*EXERCISE GOAL*. Print each line exactly, from the one with "Lace Insert Slip Lingerie Dress" to the very last line of the listing, and keep the pictures out.

===== COLLECTED DATA

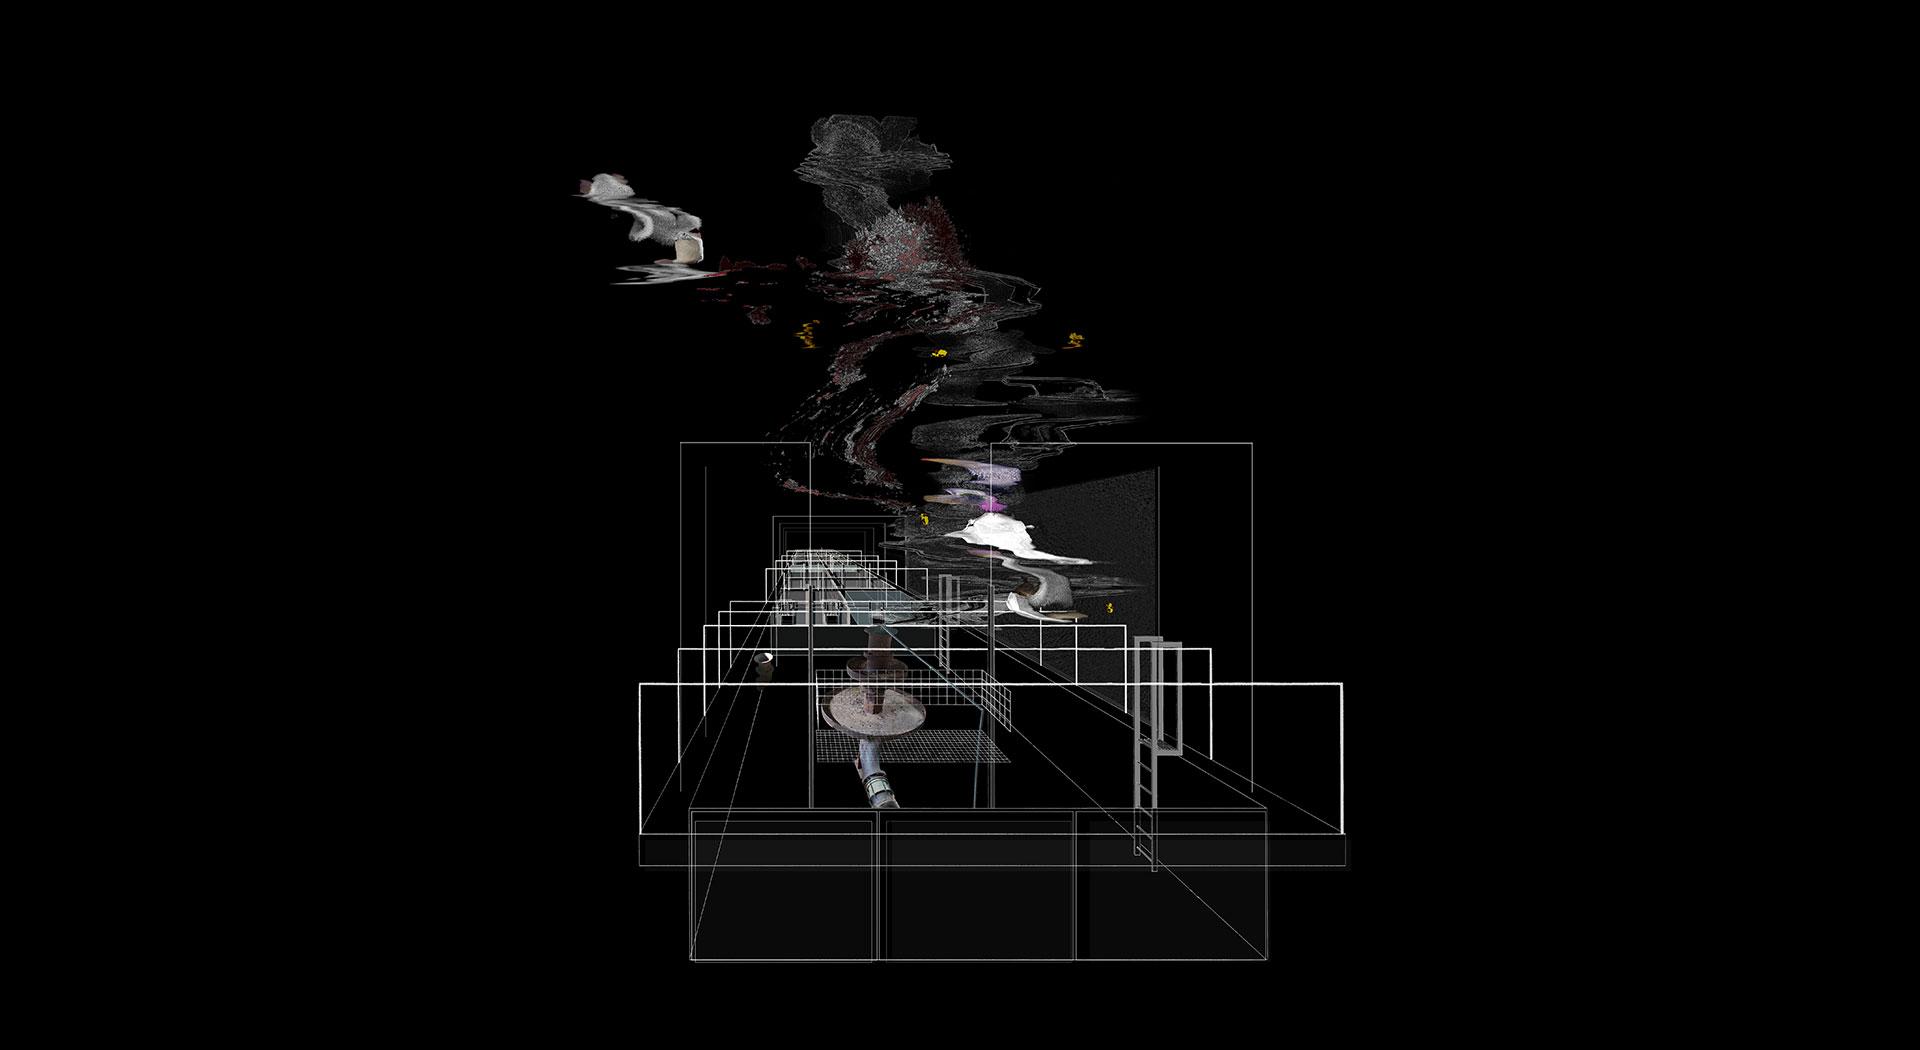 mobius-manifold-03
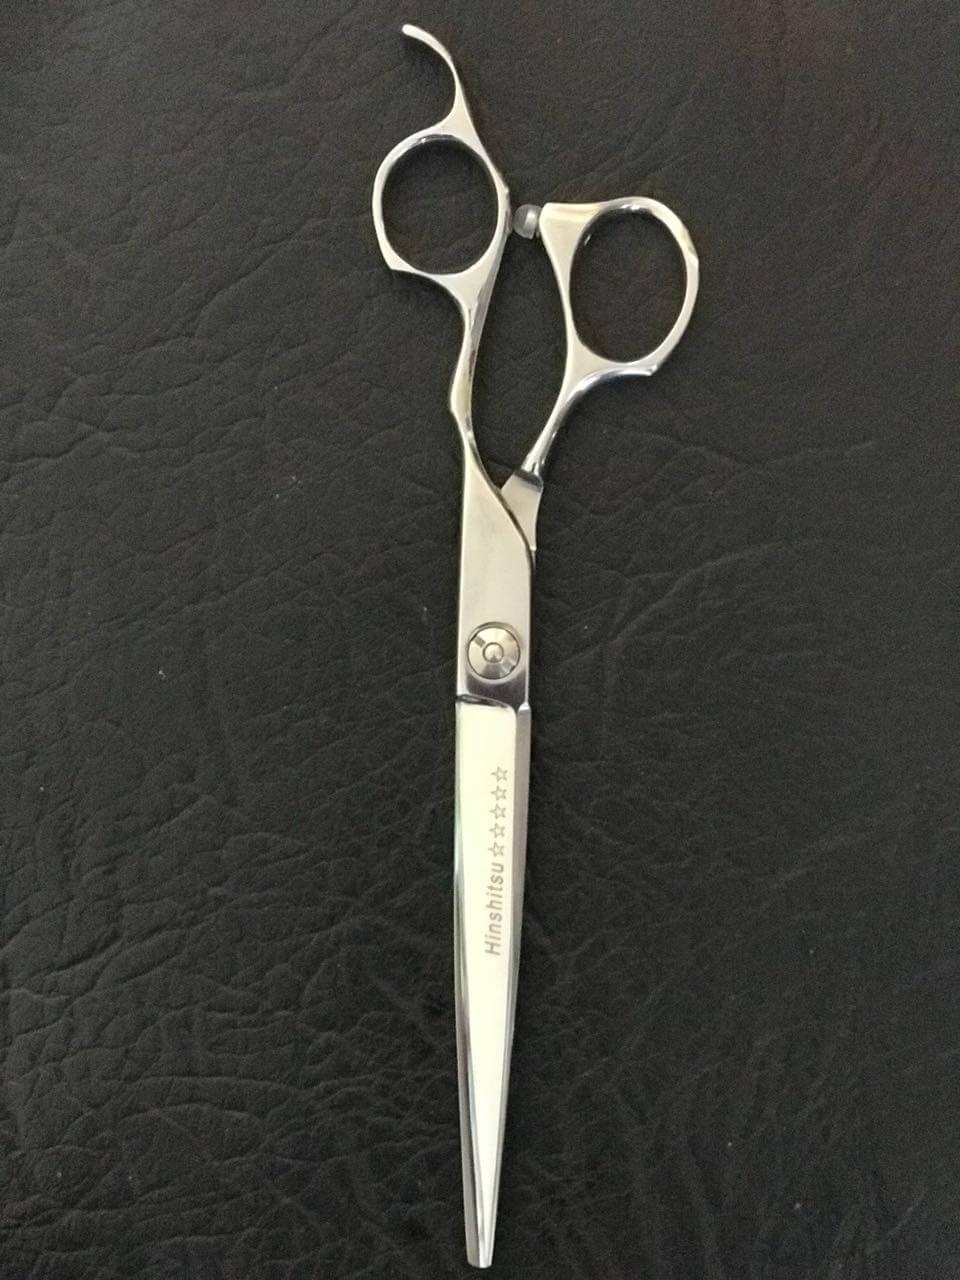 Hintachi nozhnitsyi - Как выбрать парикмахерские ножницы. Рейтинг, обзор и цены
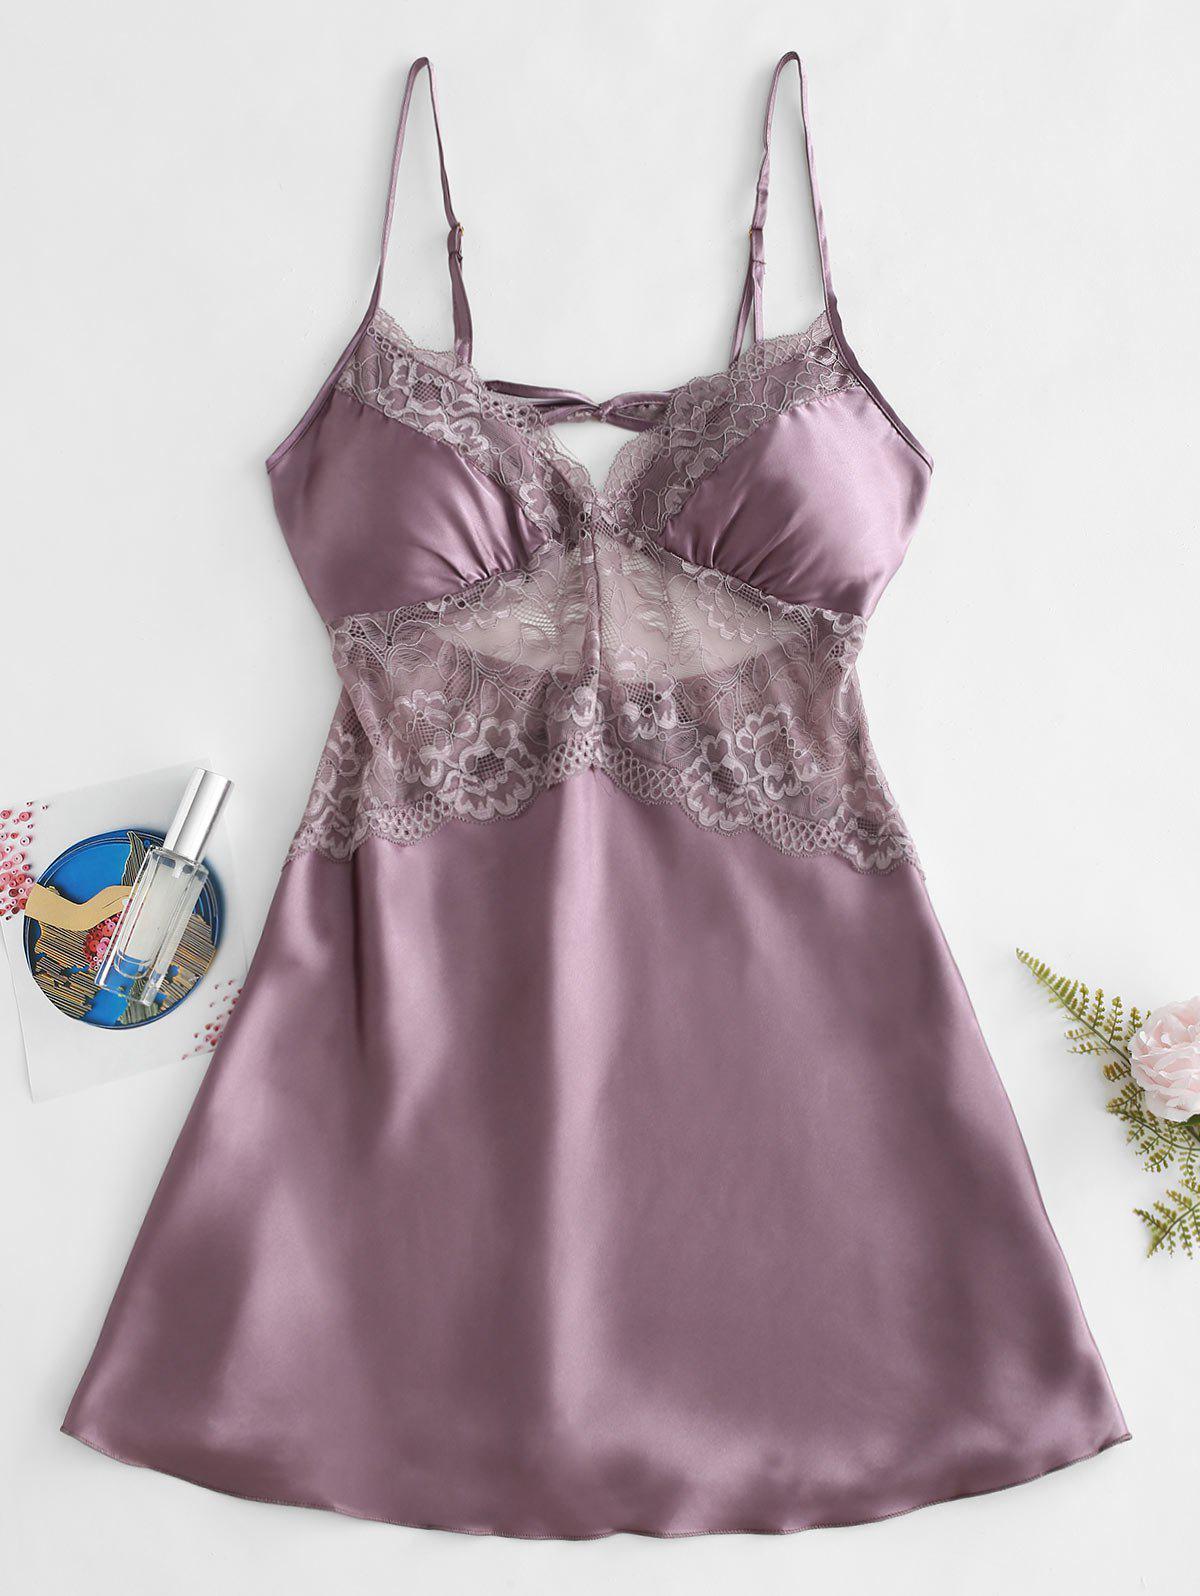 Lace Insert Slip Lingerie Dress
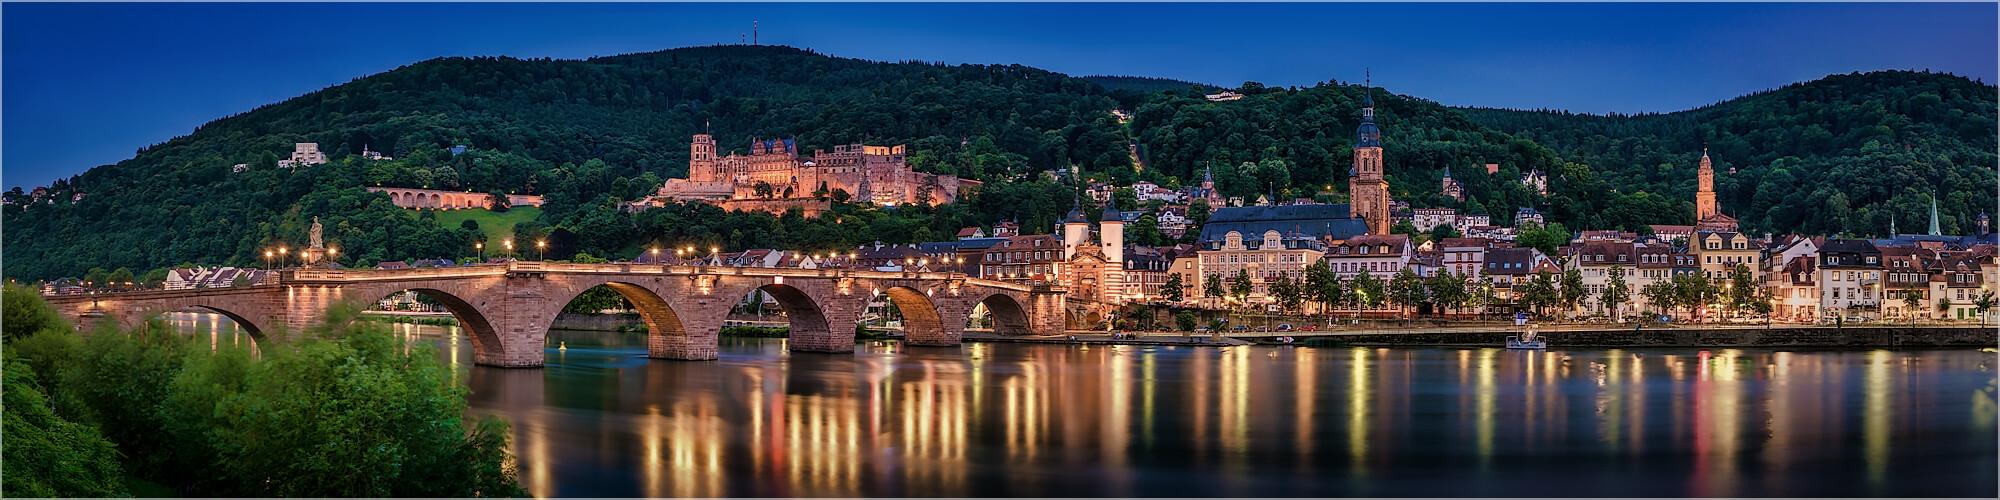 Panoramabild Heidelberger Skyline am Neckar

==========

*SOLUTION*.
 Lace Insert Slip Lingerie Dress
 Panoramabild Heidelberger Skyline am Neckar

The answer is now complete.